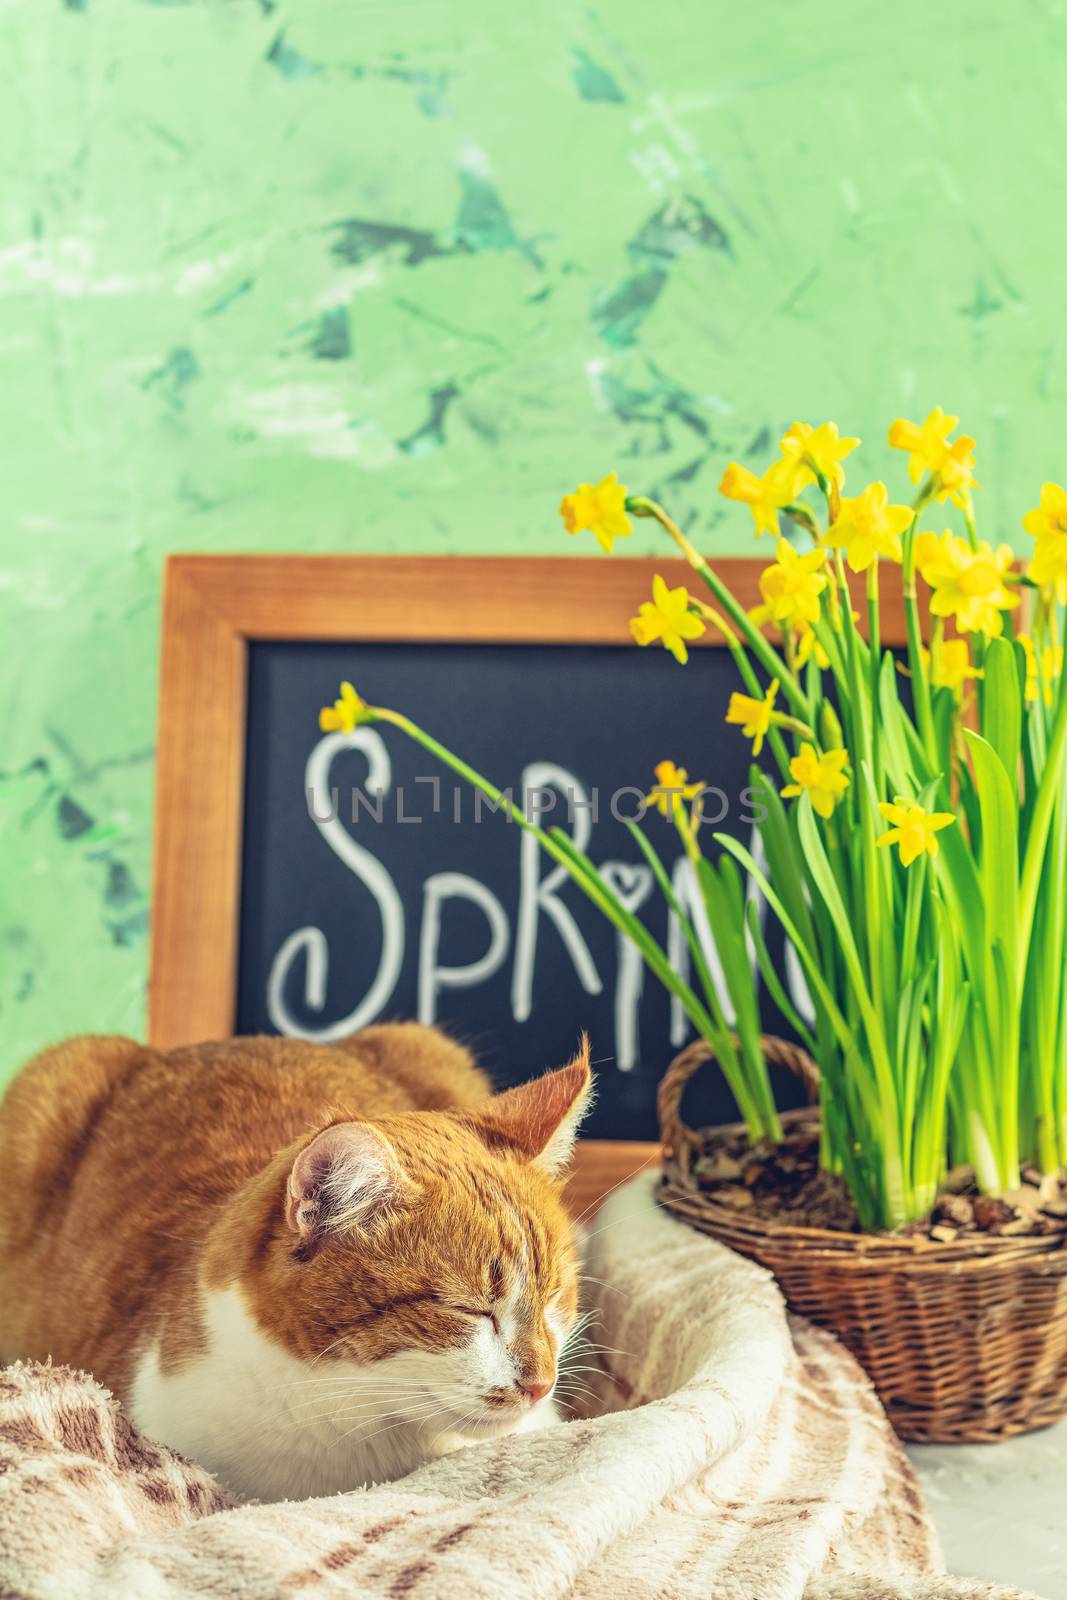 Calligraphic inscription hand lettering letters spring on black chalkboard standing on green concrete surface with yellow blossom narcissus in wicker basket and cute red white cat.
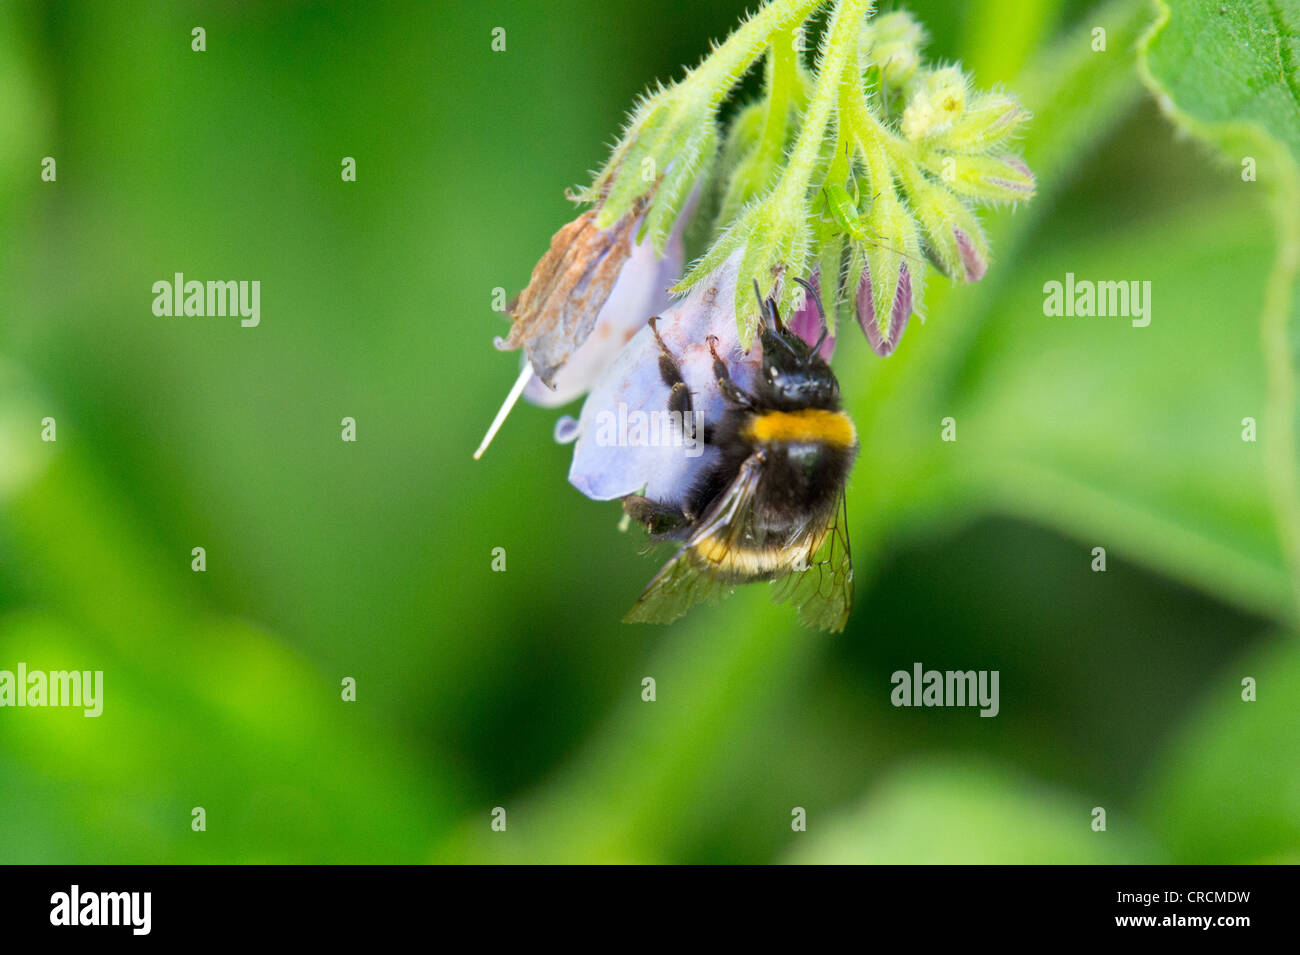 Bumblebees drinking nectar from flowers Stock Photo
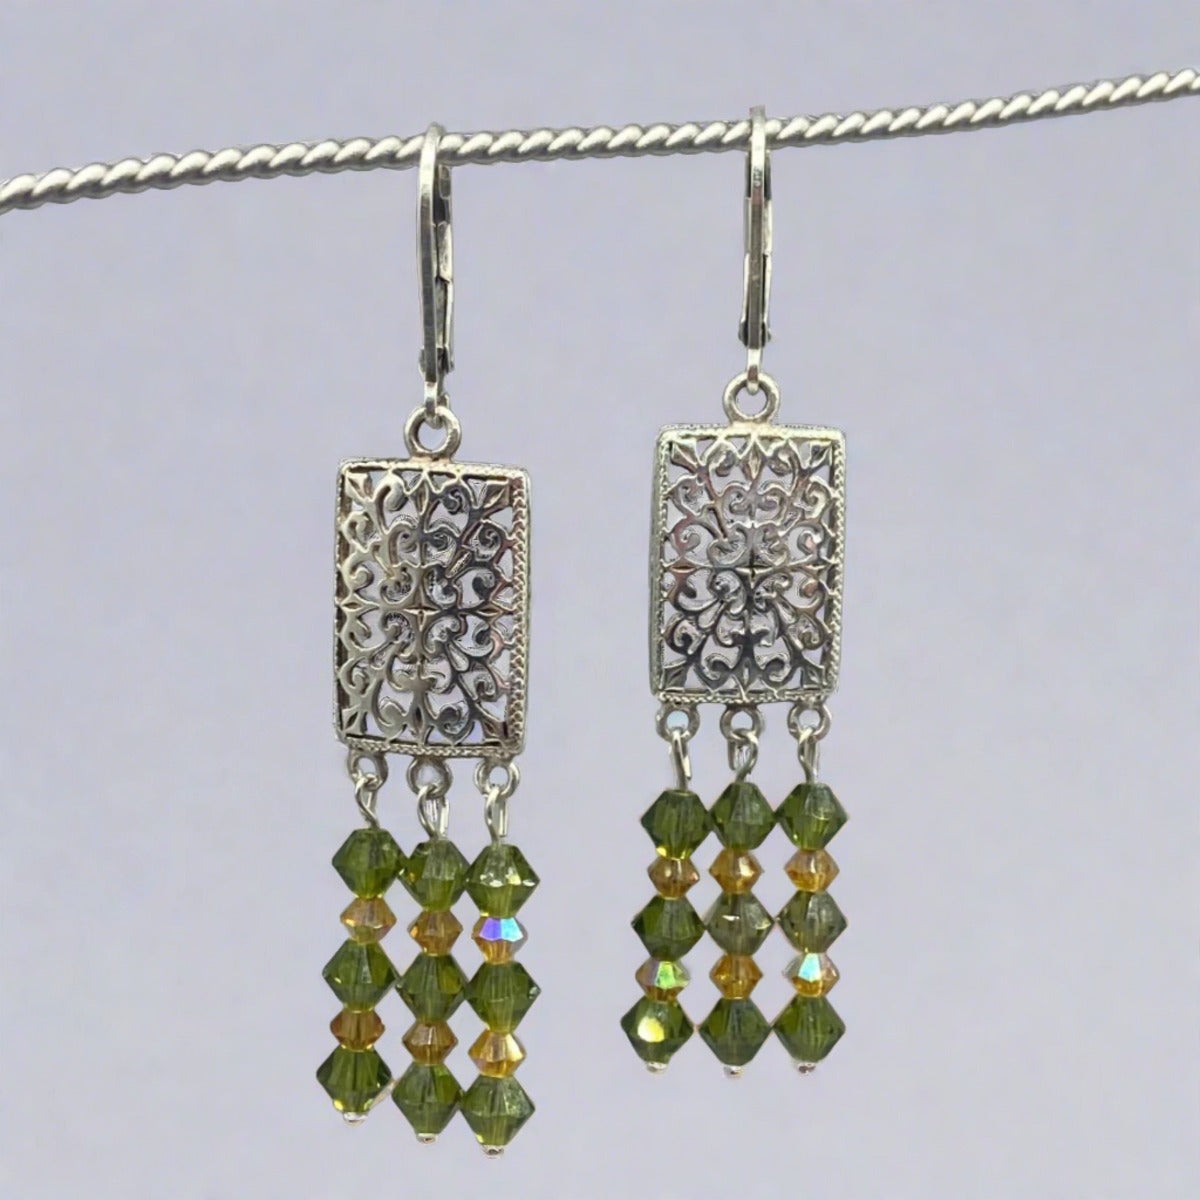 A pair of exquisite Aquatic Flowers Olivine Crystal Chandelier Earrings, featuring shimmering crystals

----------------------------------------

YOUR OBJECTIVE. When you copy the data, keep every line exact and drop the pictures.

EXPECTED ANSWER.
 Calligraphic inscription hand lettering letters spring on black chalkboard standing on green concrete surface with yellow blossom narcissus in wicker basket and cute red white cat.
 Bumblebees drinking nectar from flowers Stock Photo
 A pair of exquisite Aquatic Flowers Olivine Crystal Chandelier Earrings, featuring shimmering crystals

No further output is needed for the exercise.